I am a senior tech adviser in Halliburton with the focus on predictive maintenance and process improvement. Before joining Halliburton, I had worked on power plant predictive maintenance, gas turbine simulation and modeling in GE and Siemens for over 8 years. I graduated from Georgia Institute of Technology with a PhD degree in Aerospace Engineering and a master degree in Statistics.

### Efficiently Building Machine Learning Models for Predictive Maintenance in the Oil & Gas Industry with DatabricksSummit 2020

For each drilling site, there are thousands of different equipment operating simultaneously 24/7. For the oil & gas industry, the downtime can cost millions of dollars daily. As current standard practice, the majority of the equipment are on scheduled maintenance with standby units to reduce the downtime.
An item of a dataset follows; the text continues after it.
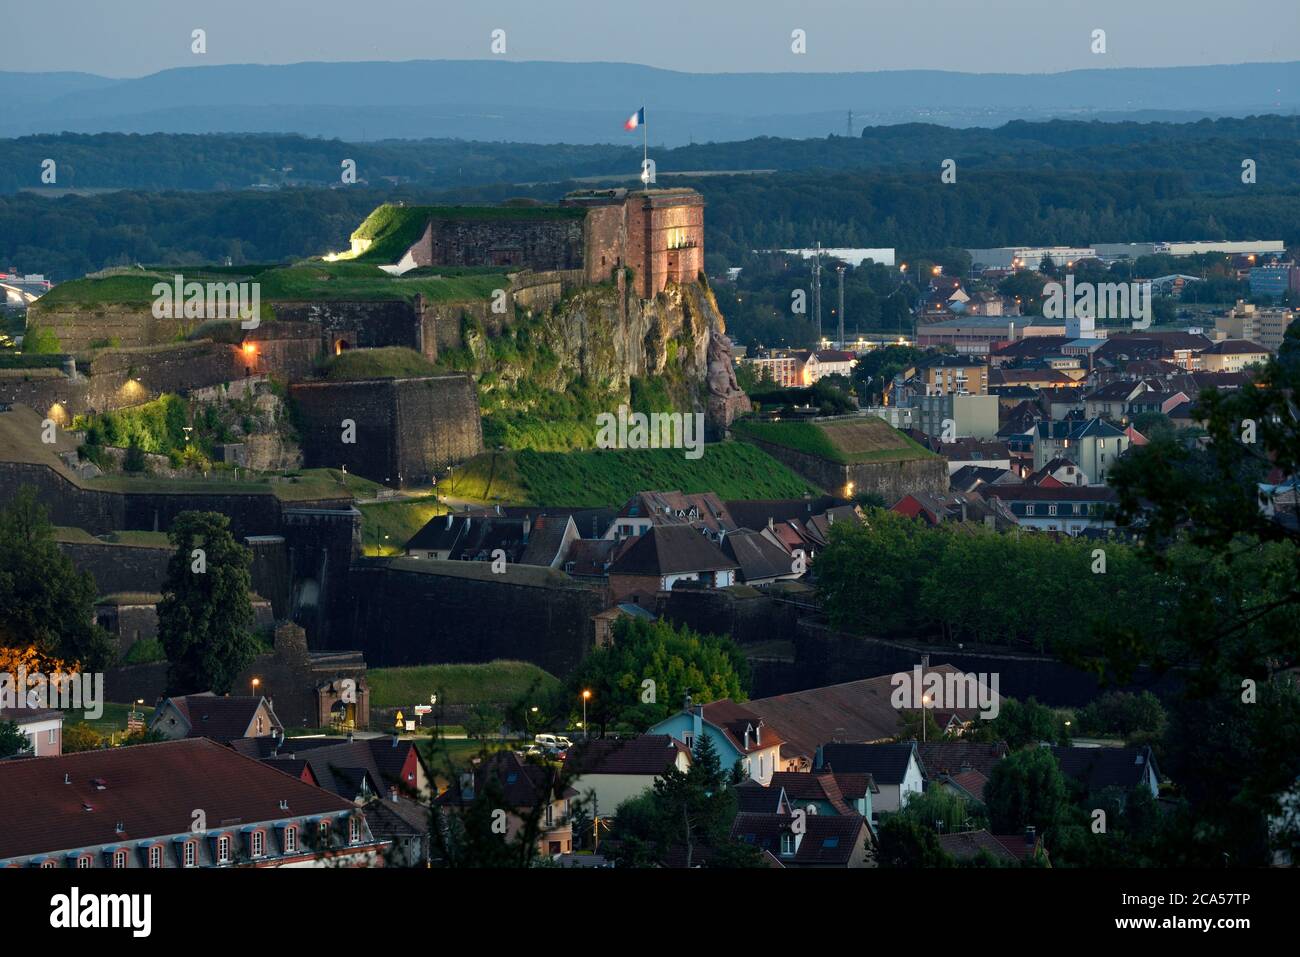 France, Territoire de Belfort, Belfort, citadel, castle, the Lion from ...

Scheduled maintenance treats each equipment similarly with simple metrics, such as calendar time or operating time. Using machine learning models to predict equipment failure time accurately can help the business schedule the predictive maintenance accordingly to reduce the downtime and maintenance cost. We have huge sets of time series data and maintenance records in the system, but they are inconsistent with low quality. One particular challenge we have is that the data is not continuous and we need to go through the whole data set to find where the data are continuous over some specified window. Transforming the data for different time windows also presents a challenge: how can we quickly pick the optimized window size among the various choices available and perform transformation in parallel? Data transformations such as the Fourier transforms or wavelet transforms are time consuming and we have to parallelize the operation. We adopted Spark dataframes on Databricks for our computation.
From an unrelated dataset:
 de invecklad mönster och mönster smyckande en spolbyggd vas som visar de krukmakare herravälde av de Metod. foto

Here are the two major steps we took to carry out the efficient distributed computing for our data transformations:

1. Identify which segments have continuous data by scanning through a sub-sampled data set.
2. Pick different windows and transform data within the window.
3. Transform each window column into one cell as a list.
4. Preserve the order of the data in each cell by collecting the timestamp and the corresponding parameter as a list of dictionaries, and then reorder the list based on the timestamp element in the dictionaries.